Stifado (maar dan toch weer helemaal anders)…

stoofvlees van paul

Het is met stifado precies zo als met bolognesesaus of met erwtensoep. Puristen weten heel zeker hoe het moet, zó en niet anders… Het merendeel van de kokende bevolking trekt zich daar evenwel weinig van aan. Het kan, wat hen betreft, alle kanten op met zo’n recept. Men gebruikt wat men in huis heeft.
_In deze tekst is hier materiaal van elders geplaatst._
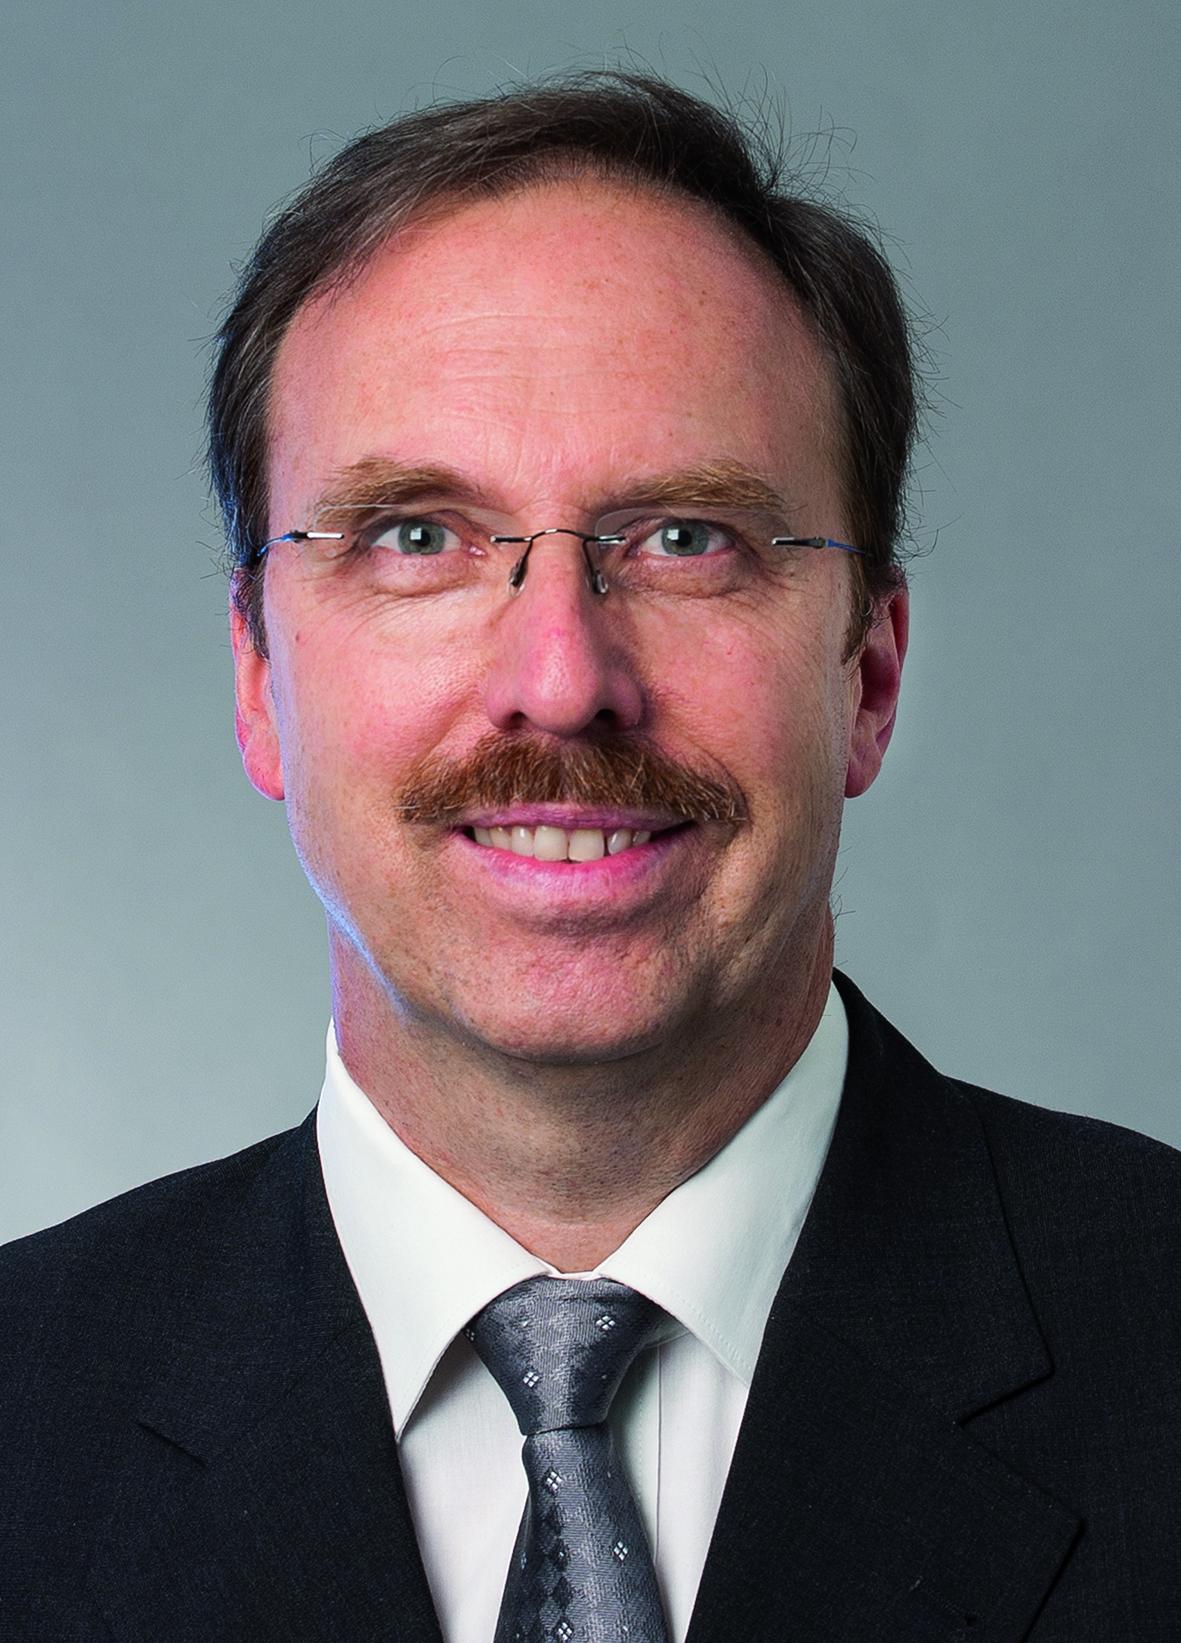 Jürgen Skowaisa, Produktmanagement Radar bei Vega

Stifado is een Griekse stoofschotel, vaak uit de oven, maar dat hoeft niet per sé. Doorgaans wordt hij gemaakt van runderstoofvlees, maar kalf of lam kan ook. Er zijn varianten met inktvis, zowel pijlinktvisjes, alsook de grote octopus. Ik maakte een dergelijk gerecht wel eens met varkensvlees, ik durf het gerust stifado te noemen.
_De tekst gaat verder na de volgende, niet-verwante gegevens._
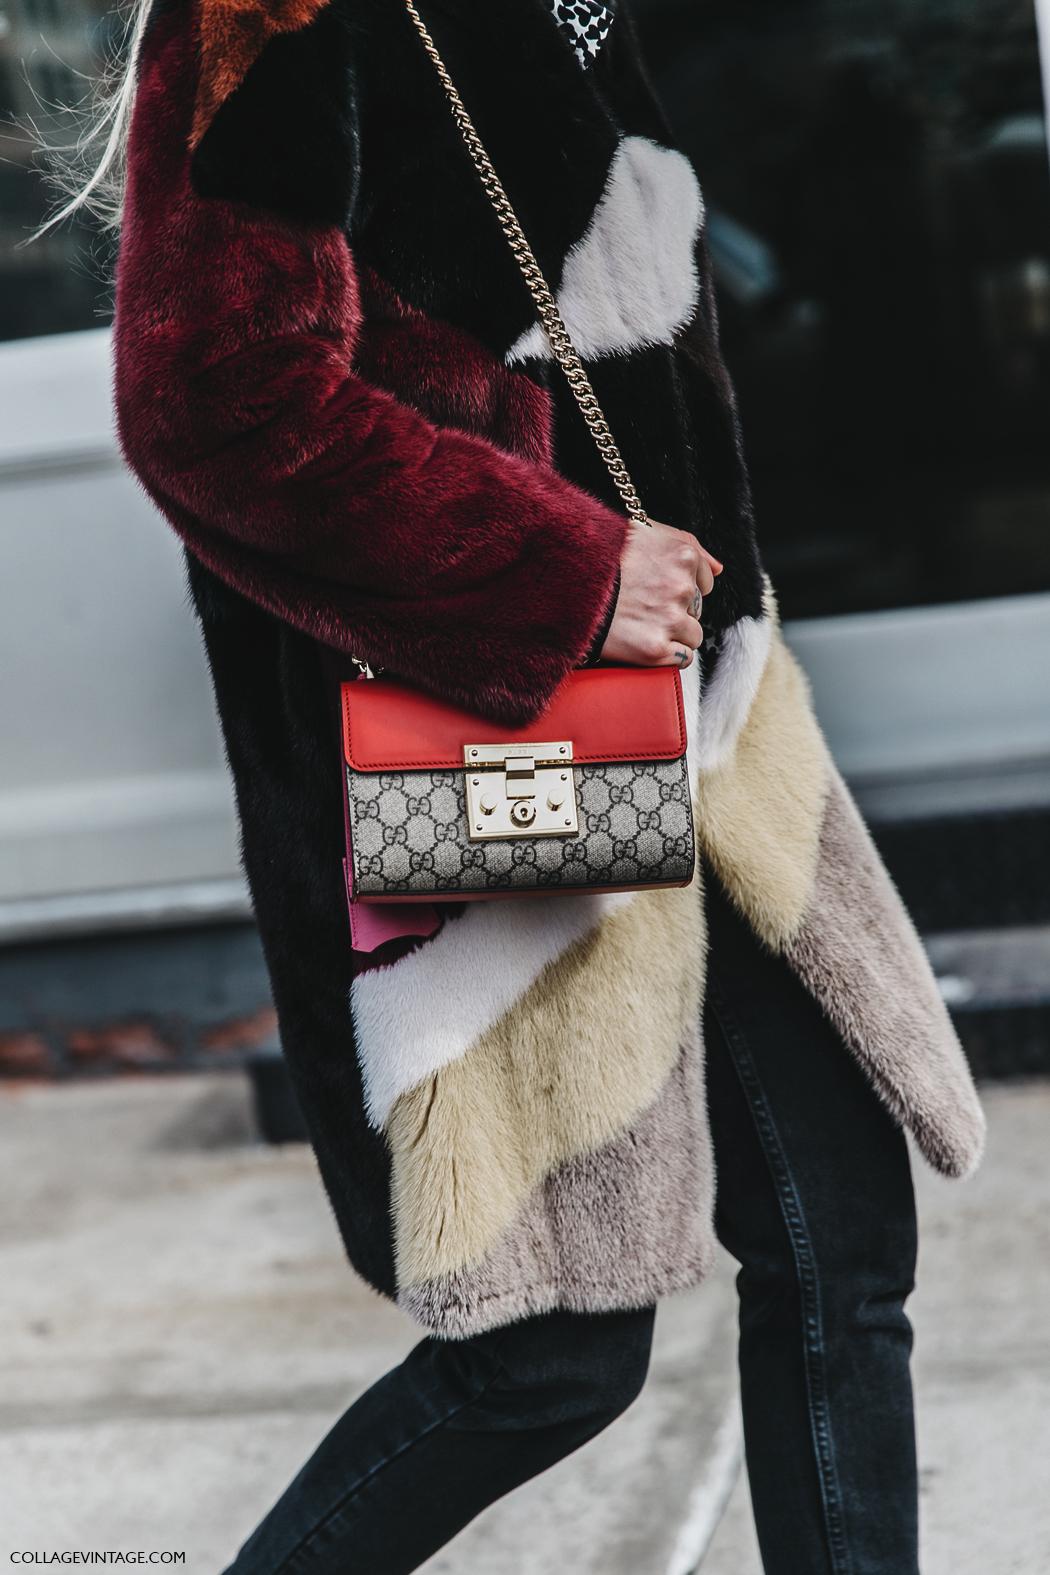 NYFW-New_York_Fashion_Week-Fall_Winter-17-Street_Style-Gucci_Bag-Fur_Coat-

Onontbeerlijk aan stifado zijn de kleine uitjes (een soort van zilveruitjes), en Mavrodaphne, een zware, zoete likeurwijn. Ik had beiden niet in huis en moest de wijk nemen naar andere grondstoffen. Ik beschrijf het recept, zoals ik het maakte. Zou je het na willen koken, maar heb je nét weer andere spullen in huis, laat je niet tegen houden. Met een beetje nadenken en combineren kan het eenvoudigweg niet fout. Het recept is voor vier personen.

  • 50 gram boter,
  • 800 gram ribstuk van het rund,
  • 25 stuks hele kleine uitjes,
  • 2 tenen knoflook,
  • 1 blik tomatenblokjes,
  • 2 verse tomaatjes,
  • 1 groot glas stevige rode wijn,
  • 1 borreltje likeur (Bénédictine),
  • 2 laurierblaadjes,
  • 1/2 theelepel kaneel,
  • 1 theelepel mild paprikapoeder,
  • zout en peper.

Smelt de boter in een stoofpan en bak daarin het in dobbelstenen gesneden vlees aan alle kanten bruin. Doe er de uitjes en de gesnipperde knoflook bij en laat ze even mee fruiten. Dan de tomatenblokjes en de versneden verse tomaten. Breng het even aan de kook en voeg dan de wijn en likeur toe. Daarna de laurierblaadjes, de kaneel en het paprikapoeder. Een paar flinke draaien met de pepermolen en zout naar smaak. Roer het geheel goed om en laat het weer even aan de kook komen. Daarna kan de schotel op een laag vuurtje stoven. Ik reken op twee uur. Op het laatst liet ik de saus even op hoog vuur inkoken.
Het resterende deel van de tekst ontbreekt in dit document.